Culture shock

Please note: English is not my first language. My books are translated by professionals, but this blog might contain some mistakes.

Yesterday I was waiting for the bus in Delft. The hotel room where I’ll be staying for the next seven weeks has rather ugly lighting, so I had decided to buy a cheap lamp. This one. At Ikea. From The Hague, Delft isn’t far; seven minutes by train. After that, I’d still need to take the bus for another eight minutes. After four years in Japan, I’m so used to excellent public transport that I was surprised there was only one bus every half hour to Ikea. On the weekend, no less. Anyway, I waited twenty minutes for the bus, which was neatly listed on the board at stop I. Another 15 minutes, another 10 minutes, another 2 minutes… And poof! Bus gone. It simply never showed up. The next bus would come in half an hour.
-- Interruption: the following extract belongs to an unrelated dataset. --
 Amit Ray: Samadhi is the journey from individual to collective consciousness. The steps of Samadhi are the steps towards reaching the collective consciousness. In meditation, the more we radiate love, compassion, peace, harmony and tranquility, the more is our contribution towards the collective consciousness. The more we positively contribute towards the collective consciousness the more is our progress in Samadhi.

Or not – who knows.

I wasn’t going to wait 50 minutes for a bus, so I took the train back and bought a cheap lamp at Action instead. While the lamp was cute, it didn’t really fit in the spot I had in mind. The stick-on light I’d bought to brighten up my kitchen counter didn’t do much either. Tears sprang to my eyes. This was the proverbial last straw.

Of course, part of it is jet lag. A bigger part is the neighborhood I chose to stay in. Or well, “chose”… It’s not like you have many options when you’re looking for a place to stay in the Netherlands for seven weeks. It’s either someone’s converted shed on AirBnB, someone’s couch or guest room – with all the bustle that comes with that – or an “extended stay” hotel in a questionable neighborhood.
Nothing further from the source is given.